(Stored data entries)

=====

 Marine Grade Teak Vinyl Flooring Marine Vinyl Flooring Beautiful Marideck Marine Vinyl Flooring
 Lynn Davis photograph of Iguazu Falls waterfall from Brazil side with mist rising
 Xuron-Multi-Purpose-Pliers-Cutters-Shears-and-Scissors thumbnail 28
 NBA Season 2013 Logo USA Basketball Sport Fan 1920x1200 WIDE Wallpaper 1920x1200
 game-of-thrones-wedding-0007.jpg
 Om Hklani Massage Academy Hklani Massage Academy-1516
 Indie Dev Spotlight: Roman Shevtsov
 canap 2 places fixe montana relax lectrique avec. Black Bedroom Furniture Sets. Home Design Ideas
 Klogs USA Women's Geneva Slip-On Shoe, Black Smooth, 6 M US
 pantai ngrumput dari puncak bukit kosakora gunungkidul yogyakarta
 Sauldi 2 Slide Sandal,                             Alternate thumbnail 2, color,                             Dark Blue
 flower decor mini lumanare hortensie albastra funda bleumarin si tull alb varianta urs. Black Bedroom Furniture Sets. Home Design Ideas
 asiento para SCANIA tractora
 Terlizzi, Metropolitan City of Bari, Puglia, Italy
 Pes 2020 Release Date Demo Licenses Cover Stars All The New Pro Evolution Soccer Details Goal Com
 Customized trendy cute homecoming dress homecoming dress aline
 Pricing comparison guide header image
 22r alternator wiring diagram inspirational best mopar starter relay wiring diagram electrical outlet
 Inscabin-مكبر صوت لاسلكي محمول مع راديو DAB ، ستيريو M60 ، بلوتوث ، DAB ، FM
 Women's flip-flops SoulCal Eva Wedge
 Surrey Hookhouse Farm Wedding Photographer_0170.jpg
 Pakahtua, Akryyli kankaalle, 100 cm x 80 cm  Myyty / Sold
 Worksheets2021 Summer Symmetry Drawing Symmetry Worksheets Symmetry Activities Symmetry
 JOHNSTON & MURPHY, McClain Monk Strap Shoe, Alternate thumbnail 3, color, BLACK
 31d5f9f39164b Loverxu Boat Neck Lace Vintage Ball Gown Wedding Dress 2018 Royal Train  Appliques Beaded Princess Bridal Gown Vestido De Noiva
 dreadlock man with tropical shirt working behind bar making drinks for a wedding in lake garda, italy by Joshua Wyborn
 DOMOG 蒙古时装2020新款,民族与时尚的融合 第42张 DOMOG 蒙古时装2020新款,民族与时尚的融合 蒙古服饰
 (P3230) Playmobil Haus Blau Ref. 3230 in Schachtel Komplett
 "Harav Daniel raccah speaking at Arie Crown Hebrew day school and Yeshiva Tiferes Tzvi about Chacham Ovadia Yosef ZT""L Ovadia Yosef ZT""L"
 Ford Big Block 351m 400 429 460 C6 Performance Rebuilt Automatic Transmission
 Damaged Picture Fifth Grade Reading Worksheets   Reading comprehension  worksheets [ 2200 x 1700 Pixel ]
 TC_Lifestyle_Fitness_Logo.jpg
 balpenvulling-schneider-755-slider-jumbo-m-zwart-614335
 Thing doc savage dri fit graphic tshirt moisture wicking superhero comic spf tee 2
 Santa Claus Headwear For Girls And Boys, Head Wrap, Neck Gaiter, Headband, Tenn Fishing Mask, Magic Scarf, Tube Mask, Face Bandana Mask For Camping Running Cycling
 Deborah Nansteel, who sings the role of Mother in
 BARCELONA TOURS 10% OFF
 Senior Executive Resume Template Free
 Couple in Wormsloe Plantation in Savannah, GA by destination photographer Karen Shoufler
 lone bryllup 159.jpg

=====

WORK TO COMPLETE :: Repeat the entries above exactly, leaving nothing out.

SOLUTION FOR THIS TASK ::
 Marine Grade Teak Vinyl Flooring Marine Vinyl Flooring Beautiful Marideck Marine Vinyl Flooring
 Lynn Davis photograph of Iguazu Falls waterfall from Brazil side with mist rising
 Xuron-Multi-Purpose-Pliers-Cutters-Shears-and-Scissors thumbnail 28
 NBA Season 2013 Logo USA Basketball Sport Fan 1920x1200 WIDE Wallpaper 1920x1200
 game-of-thrones-wedding-0007.jpg
 Om Hklani Massage Academy Hklani Massage Academy-1516
 Indie Dev Spotlight: Roman Shevtsov
 canap 2 places fixe montana relax lectrique avec. Black Bedroom Furniture Sets. Home Design Ideas
 Klogs USA Women's Geneva Slip-On Shoe, Black Smooth, 6 M US
 pantai ngrumput dari puncak bukit kosakora gunungkidul yogyakarta
 Sauldi 2 Slide Sandal,                             Alternate thumbnail 2, color,                             Dark Blue
 flower decor mini lumanare hortensie albastra funda bleumarin si tull alb varianta urs. Black Bedroom Furniture Sets. Home Design Ideas
 asiento para SCANIA tractora
 Terlizzi, Metropolitan City of Bari, Puglia, Italy
 Pes 2020 Release Date Demo Licenses Cover Stars All The New Pro Evolution Soccer Details Goal Com
 Customized trendy cute homecoming dress homecoming dress aline
 Pricing comparison guide header image
 22r alternator wiring diagram inspirational best mopar starter relay wiring diagram electrical outlet
 Inscabin-مكبر صوت لاسلكي محمول مع راديو DAB ، ستيريو M60 ، بلوتوث ، DAB ، FM
 Women's flip-flops SoulCal Eva Wedge
 Surrey Hookhouse Farm Wedding Photographer_0170.jpg
 Pakahtua, Akryyli kankaalle, 100 cm x 80 cm  Myyty / Sold
 Worksheets2021 Summer Symmetry Drawing Symmetry Worksheets Symmetry Activities Symmetry
 JOHNSTON & MURPHY, McClain Monk Strap Shoe, Alternate thumbnail 3, color, BLACK
 31d5f9f39164b Loverxu Boat Neck Lace Vintage Ball Gown Wedding Dress 2018 Royal Train  Appliques Beaded Princess Bridal Gown Vestido De Noiva
 dreadlock man with tropical shirt working behind bar making drinks for a wedding in lake garda, italy by Joshua Wyborn
 DOMOG 蒙古时装2020新款,民族与时尚的融合 第42张 DOMOG 蒙古时装2020新款,民族与时尚的融合 蒙古服饰
 (P3230) Playmobil Haus Blau Ref. 3230 in Schachtel Komplett
 "Harav Daniel raccah speaking at Arie Crown Hebrew day school and Yeshiva Tiferes Tzvi about Chacham Ovadia Yosef ZT""L Ovadia Yosef ZT""L"
 Ford Big Block 351m 400 429 460 C6 Performance Rebuilt Automatic Transmission
 Damaged Picture Fifth Grade Reading Worksheets   Reading comprehension  worksheets [ 2200 x 1700 Pixel ]
 TC_Lifestyle_Fitness_Logo.jpg
 balpenvulling-schneider-755-slider-jumbo-m-zwart-614335
 Thing doc savage dri fit graphic tshirt moisture wicking superhero comic spf tee 2
 Santa Claus Headwear For Girls And Boys, Head Wrap, Neck Gaiter, Headband, Tenn Fishing Mask, Magic Scarf, Tube Mask, Face Bandana Mask For Camping Running Cycling
 Deborah Nansteel, who sings the role of Mother in
 BARCELONA TOURS 10% OFF
 Senior Executive Resume Template Free
 Couple in Wormsloe Plantation in Savannah, GA by destination photographer Karen Shoufler
 lone bryllup 159.jpg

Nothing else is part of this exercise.